TASK DIRECTIONS> Could you return the data that follows exactly, minus the images?

*** DATASET SECTION Section Begins ***

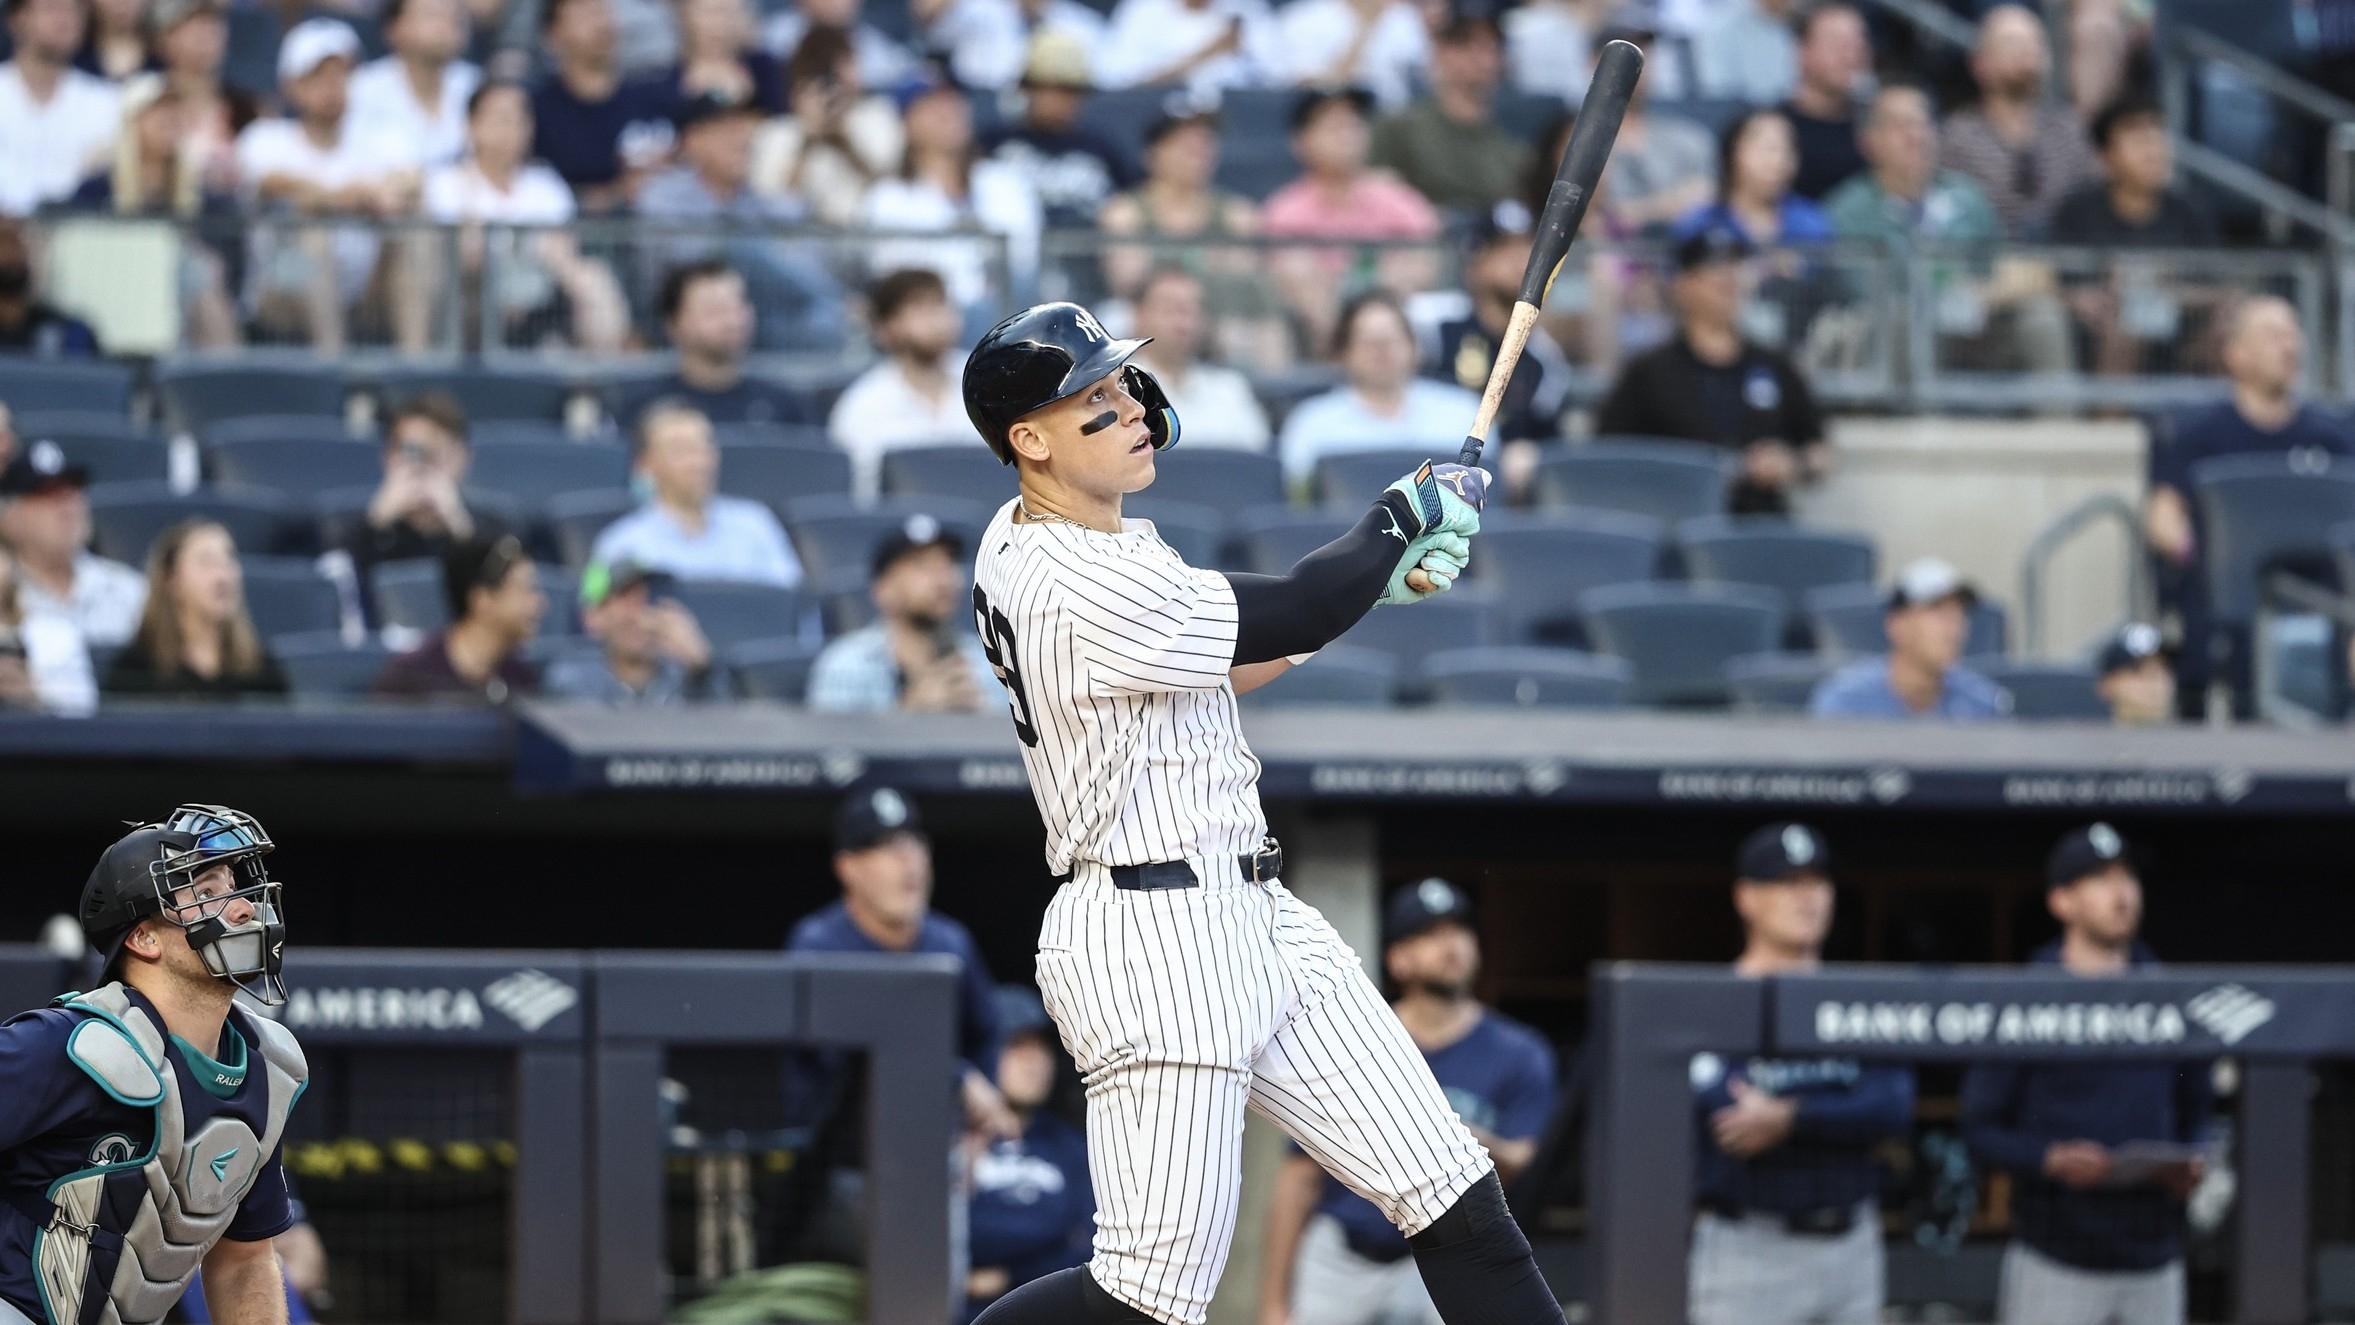 New York Yankees center fielder Aaron Judge (99) hits a two run home run in the first inning against the Seattle Mariners at Yankee Stadium. / Wendell Cruz-USA TODAY Sports
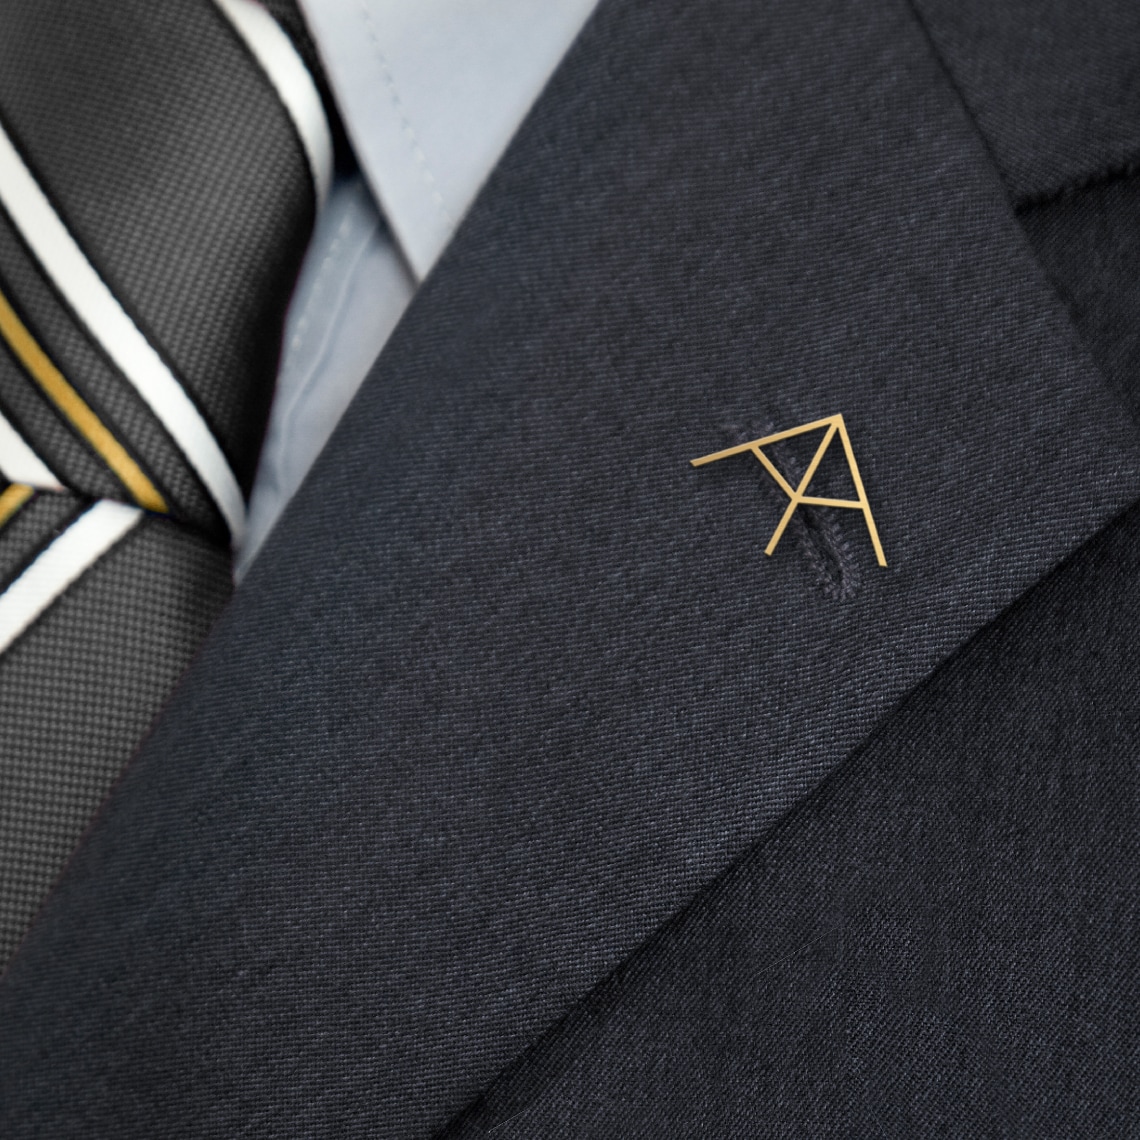 Atalaya symbol applied as a pin on a suit lapel
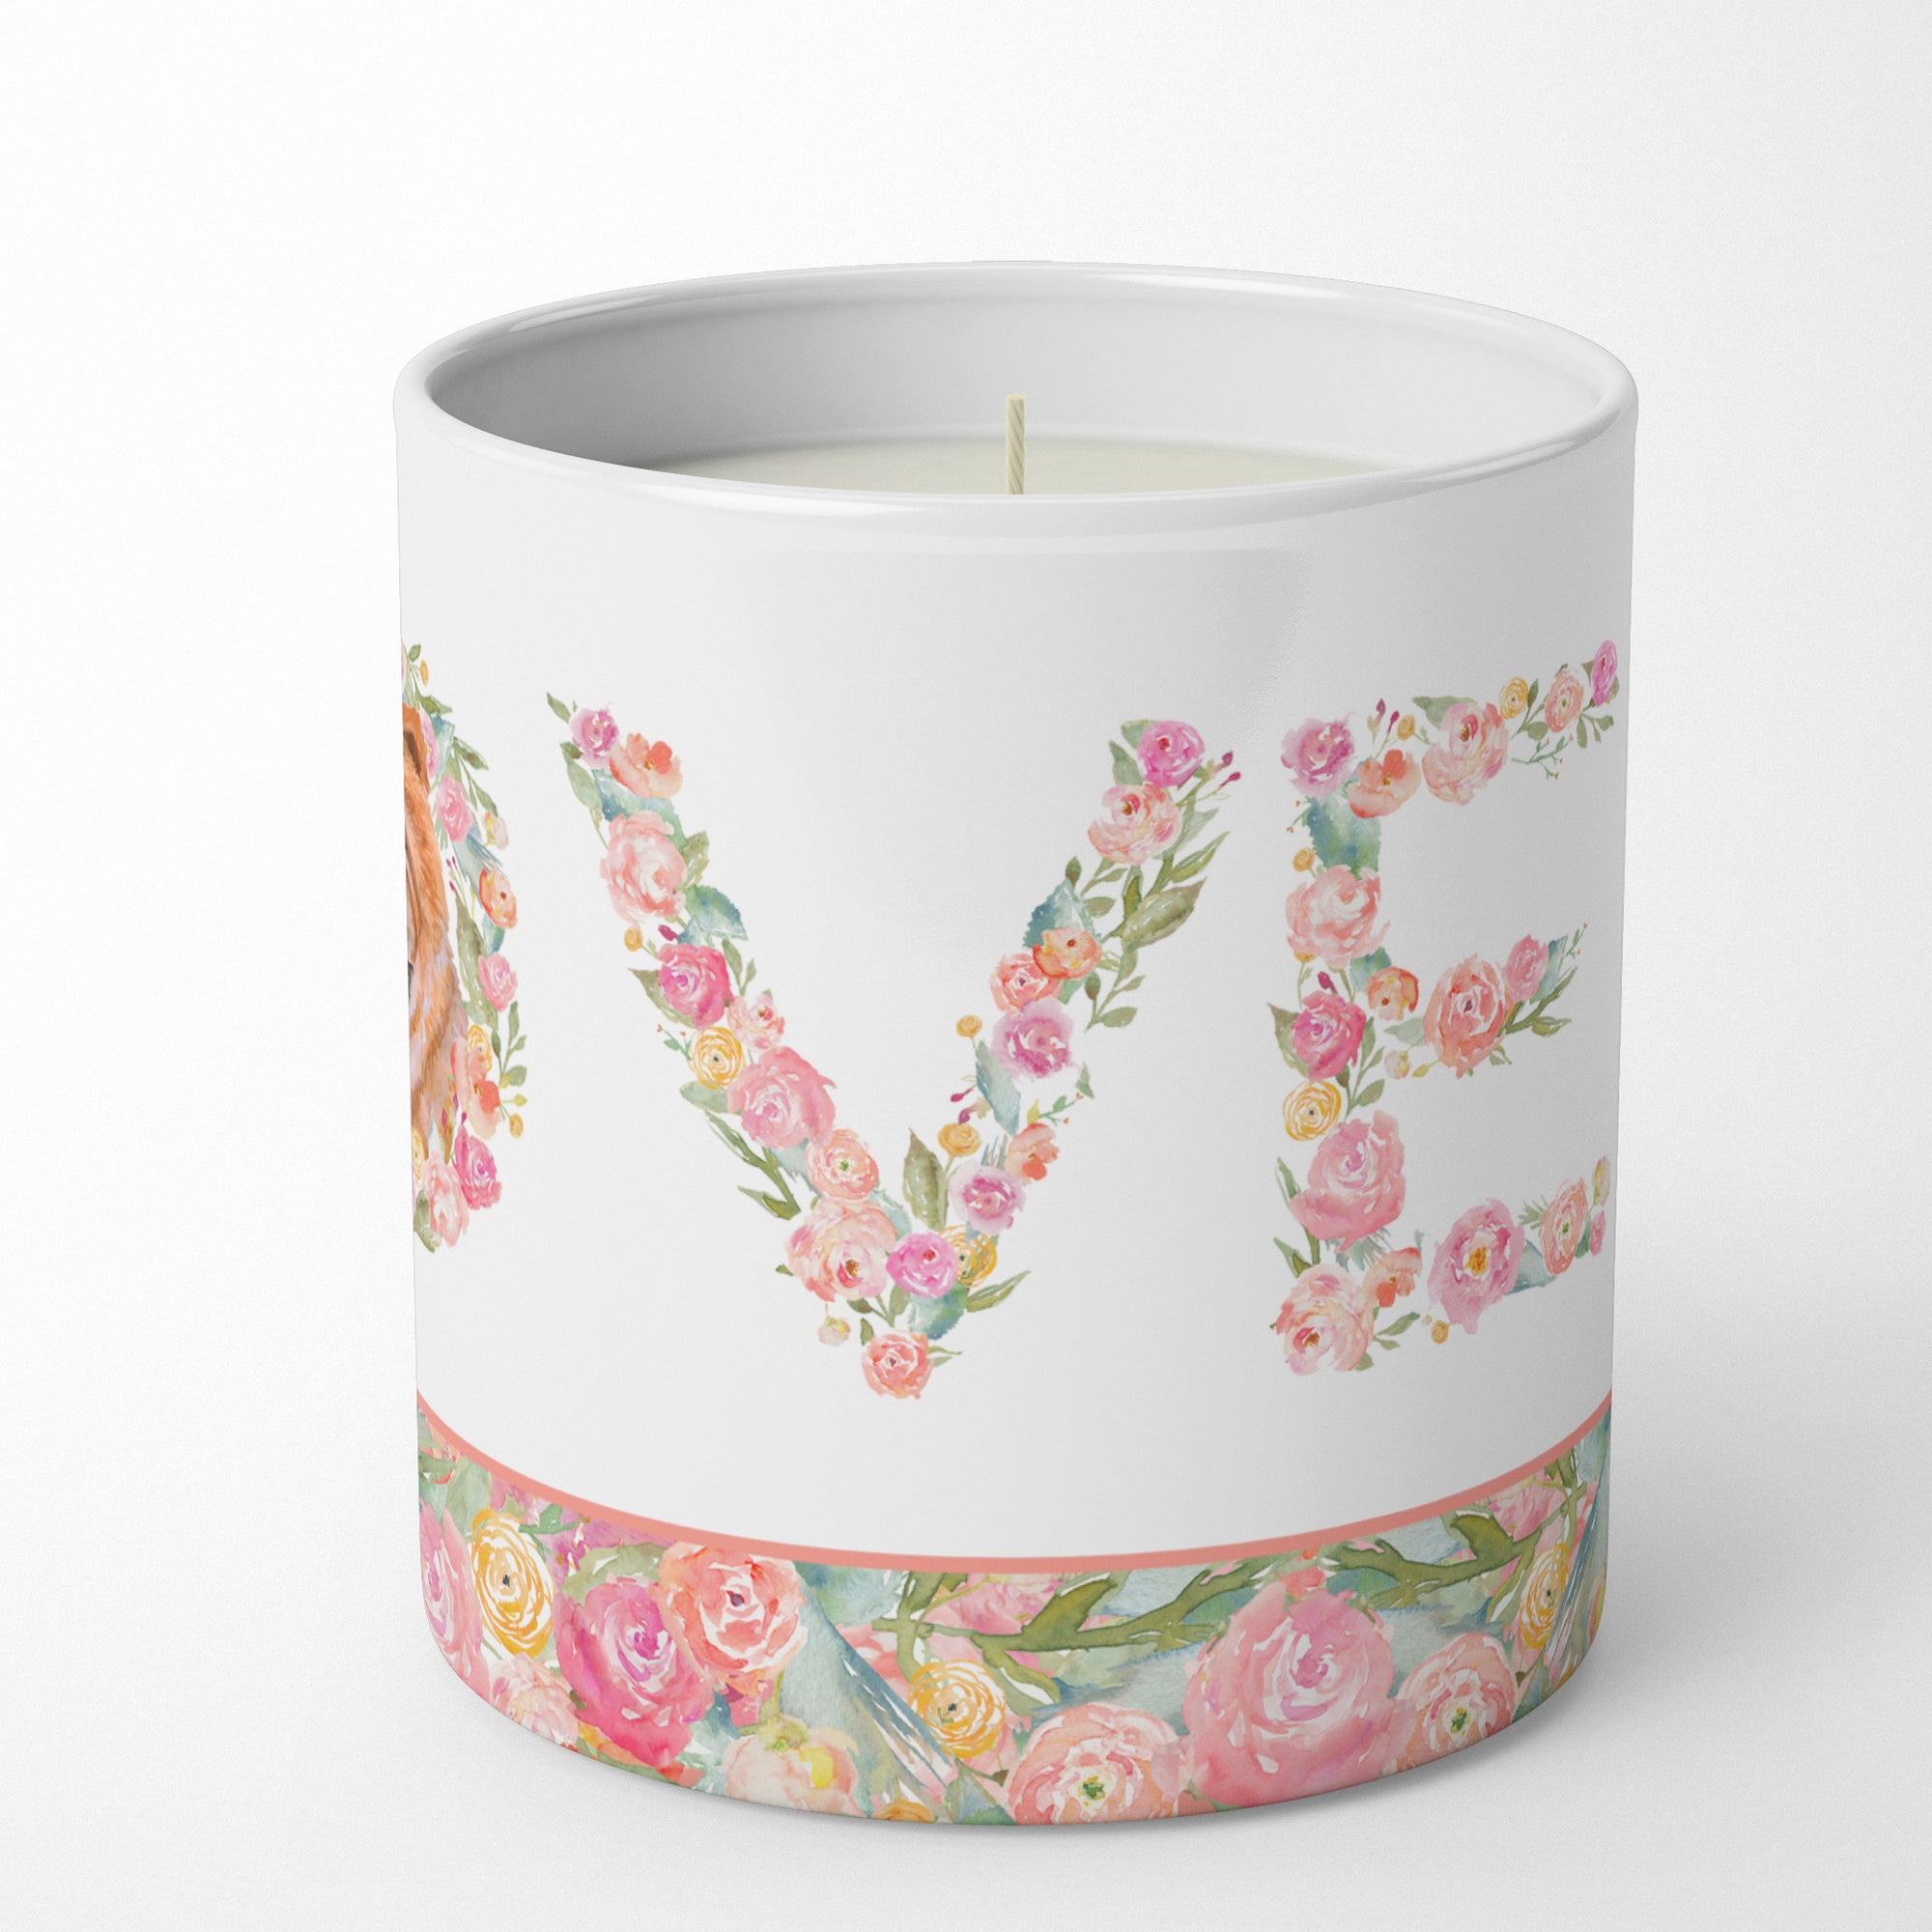 Chow Chow Love 10 oz Decorative Soy Candle - the-store.com

*** DATASET SECTION Section Ends ***

WRITTEN SOLUTION>
 New York Yankees center fielder Aaron Judge (99) hits a two run home run in the first inning against the Seattle Mariners at Yankee Stadium. / Wendell Cruz-USA TODAY Sports
 Atalaya symbol applied as a pin on a suit lapel
 Chow Chow Love 10 oz Decorative Soy Candle - the-store.com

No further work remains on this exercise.